Section 1: Messaging & Value Prop Alignment

Checklist Item 1: Unified Customer Success Story

Question: Can your Sales team and Marketing team tell the same story about why your product matters?

  • [ ] Marketing and Sales have co-created 3-5 core customer stories (problems, solution, outcomes).
  • [ ] These stories are documented in a shared resource (e.g., Google Doc, Confluence).
  • [ ] Sales has reviewed them and says, "Yes, this is how deals actually close."
  • [ ] Marketing has cited at least 1 story in recent campaigns.

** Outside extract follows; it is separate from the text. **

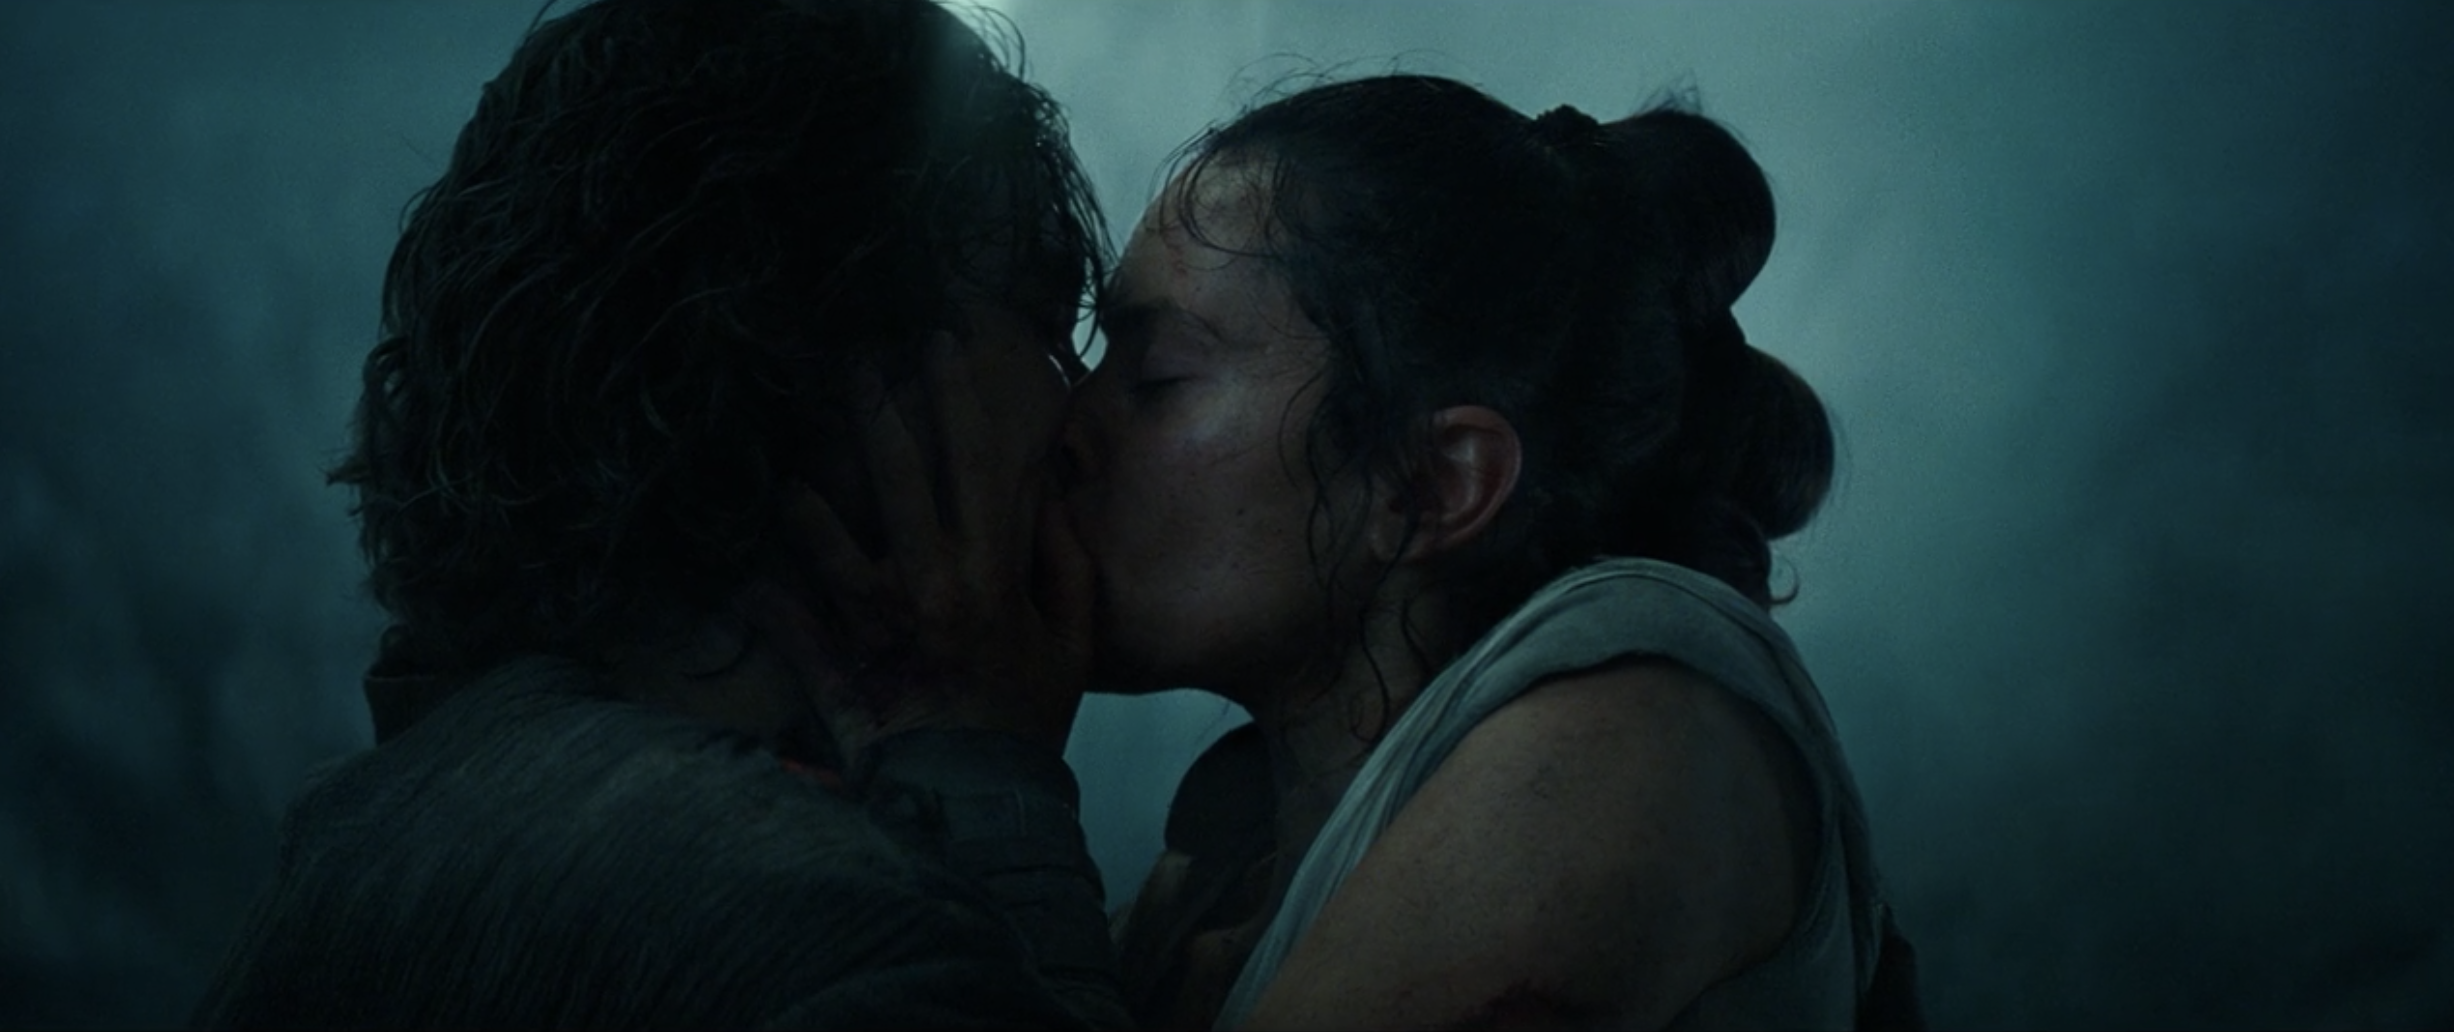 Kylo Ren and Rey kissing

If unchecked: Your Sales team and Marketing team are telling different stories to prospects. Prospects get confused. They don't know what you actually do.

Fix: Hold a 1-hour session with Sales leadership and Marketing leadership. Ask: "What does a successful customer look like? What problem were they trying to solve?" Write down the answers. That's your story. Use it everywhere.

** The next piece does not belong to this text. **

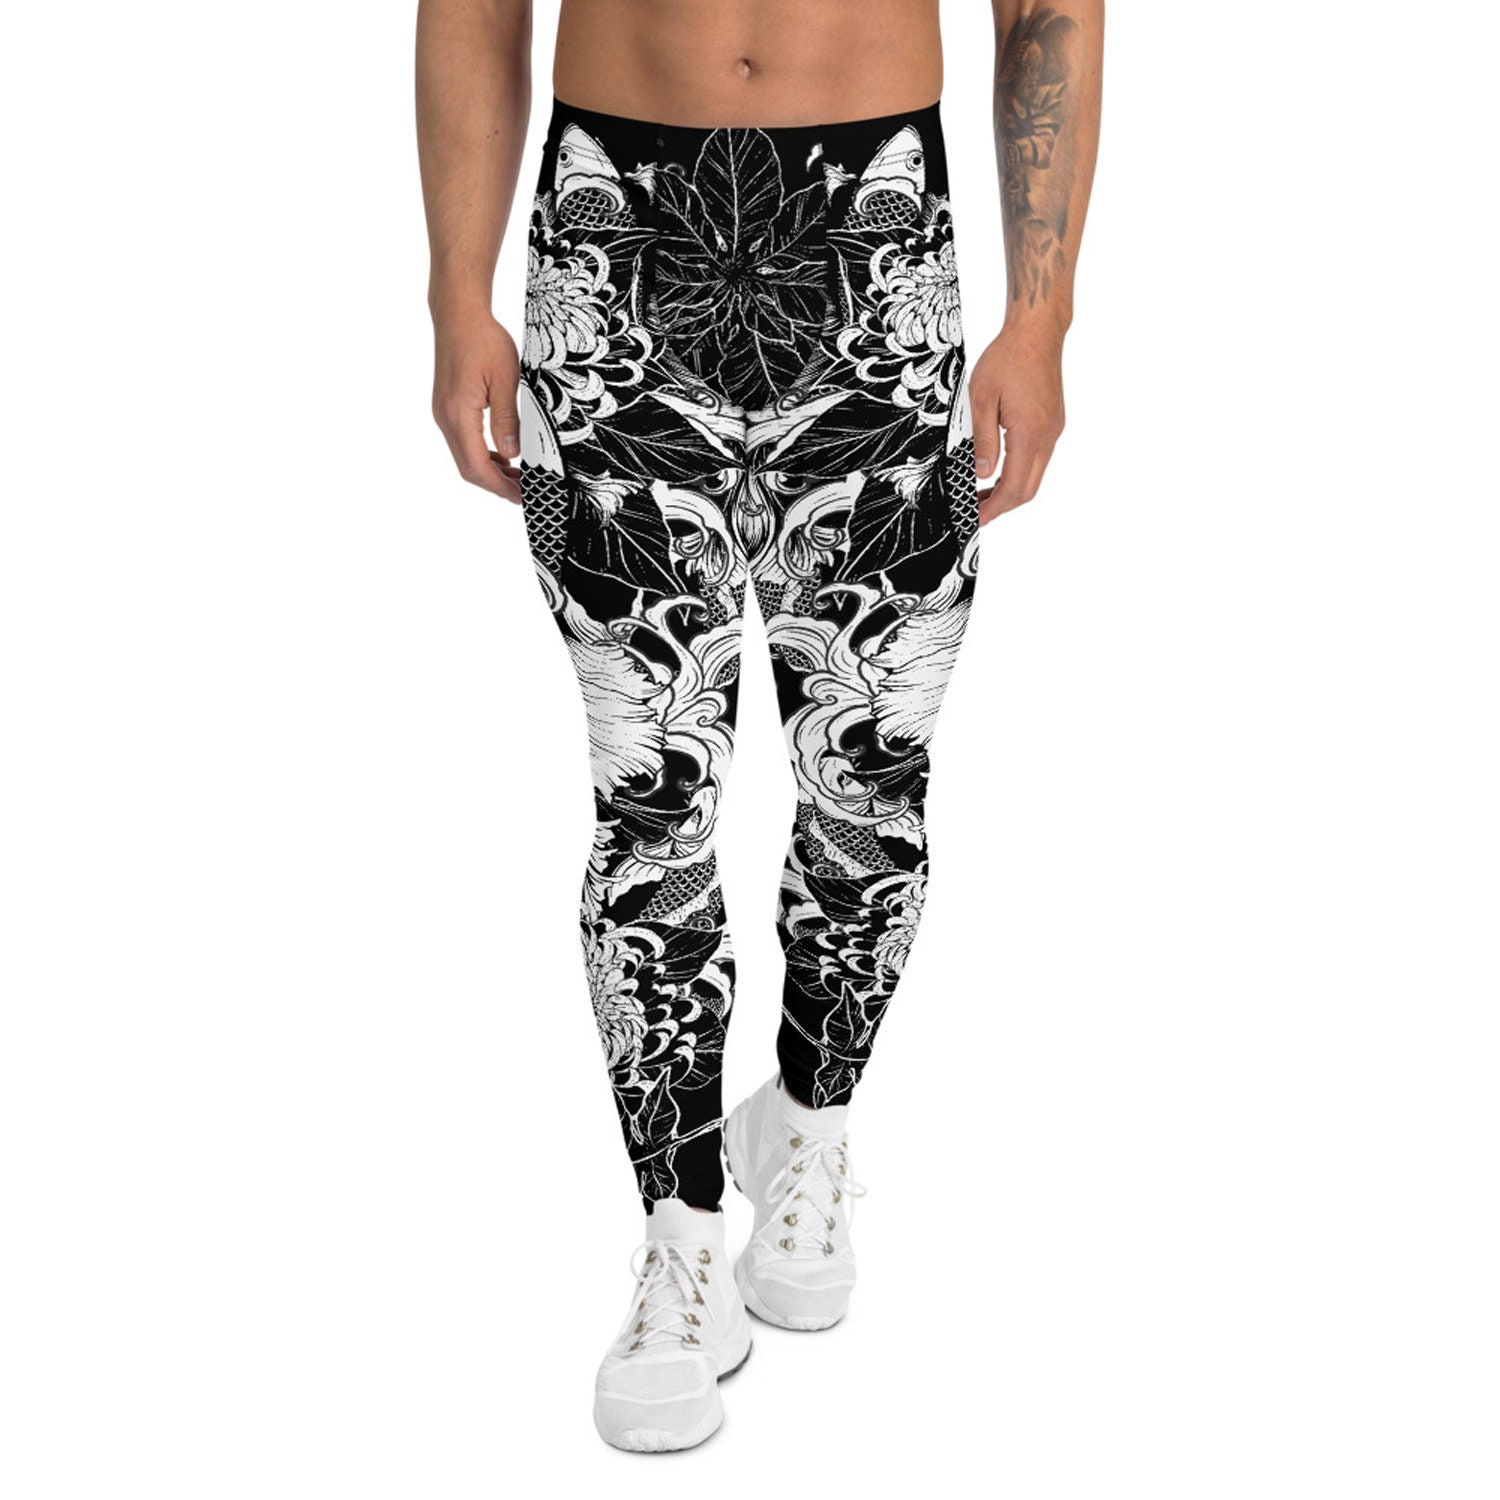 Mens Leggings Meggings All Over Print Yellow and Gray Camouflage Printed  Leggings, Perfect Workout Leggings for Running, MMA, Judo, Yoga

Checklist Item 2: Aligned Buyer Personas

Question: Do you have one definition of your Ideal Customer Profile (ICP)?

  • [ ] Marketing and Sales have co-defined your ICP (company size, industry, role, problem).
  • [ ] The ICP is documented and updated quarterly.
  • [ ] Sales has at least 70% of their pipeline in the ICP.
  • [ ] Marketing has tested campaigns against this ICP and reports segmented results.

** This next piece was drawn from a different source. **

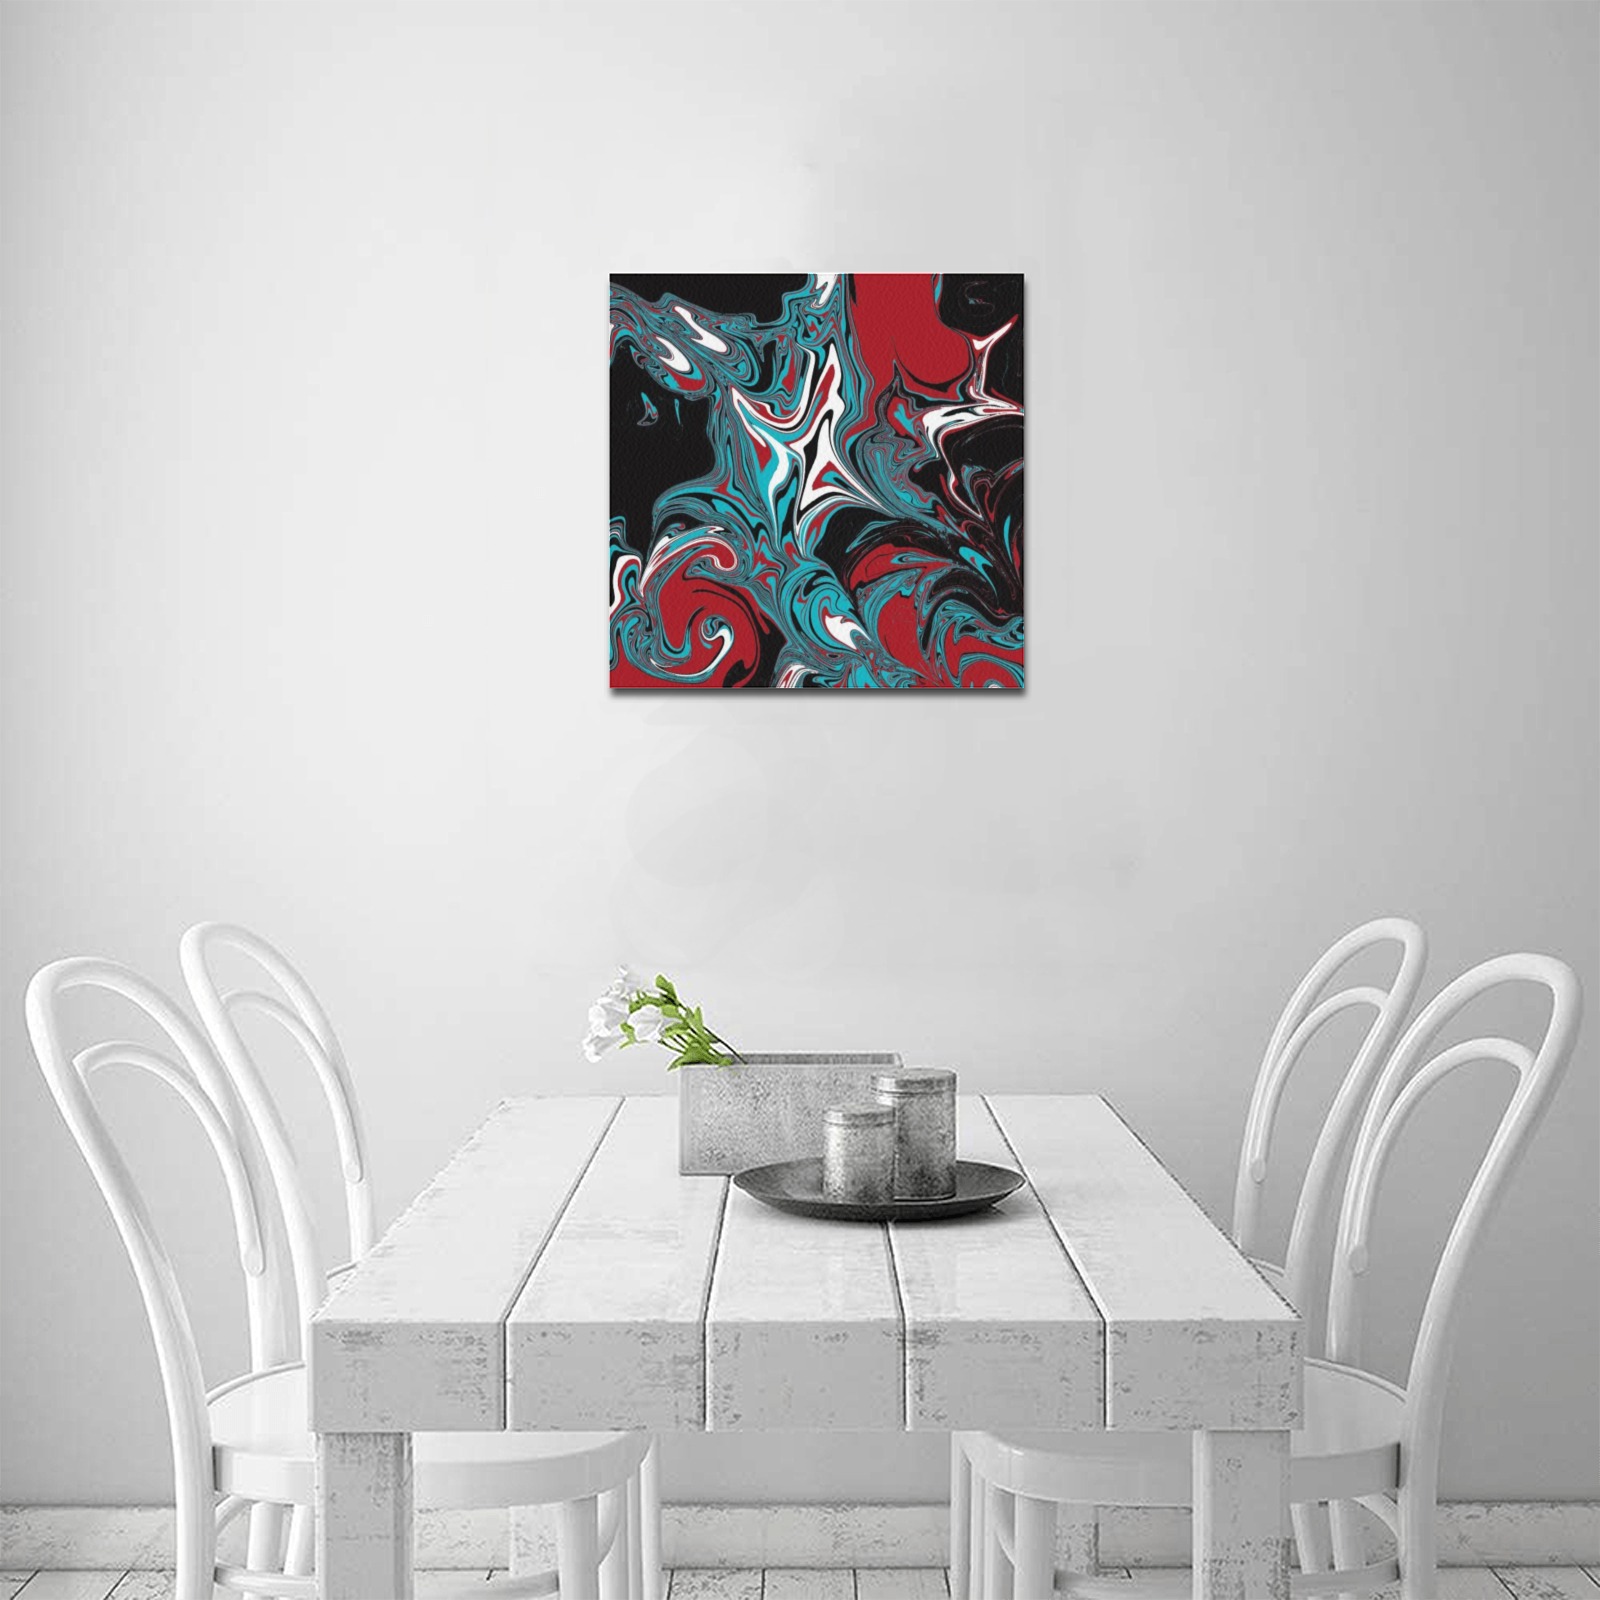 Dark Wave of Colors Frame Canvas Print 16"x16"

If unchecked: Marketing is targeting companies Sales doesn't want. Sales is chasing accounts Marketing has written off.

Fix: Meet with Sales. Ask them: "Which customers are happiest? Which deals close fastest?" Analyze those customers. Document their commonalities. That's your ICP. All other targeting flows from this.

Checklist Item 3: Single Definition of "Sales Qualified Lead" (SQL)

Question: Does Marketing know what Sales considers a qualified lead?

  • [ ] Marketing and Sales have written a formal SQL definition (lead score threshold, engagement level, firmographic match).
  • [ ] Example: "SQL = company in ICP + 40+ lead score + has opened 2+ marketing emails + Sales has been assigned for <24 hours."
  • [ ] Marketing hands off to Sales only when the SQL threshold is met.
  • [ ] Sales accepts >80% of Marketing SQLs as worth working.

If unchecked: Marketing is sending unqualified leads to Sales. Sales is ignoring Marketing leads and working their own inbound. Trust erodes.

Fix: Interview your Sales team about their top 5 recent wins. What did those leads have in common? (Company size, behavior, engagement level?) Codify that. That's your SQL definition.

Checklist Item 4: Shared Language on Deal Stages

Question: Does your CRM use the same language as your Sales team?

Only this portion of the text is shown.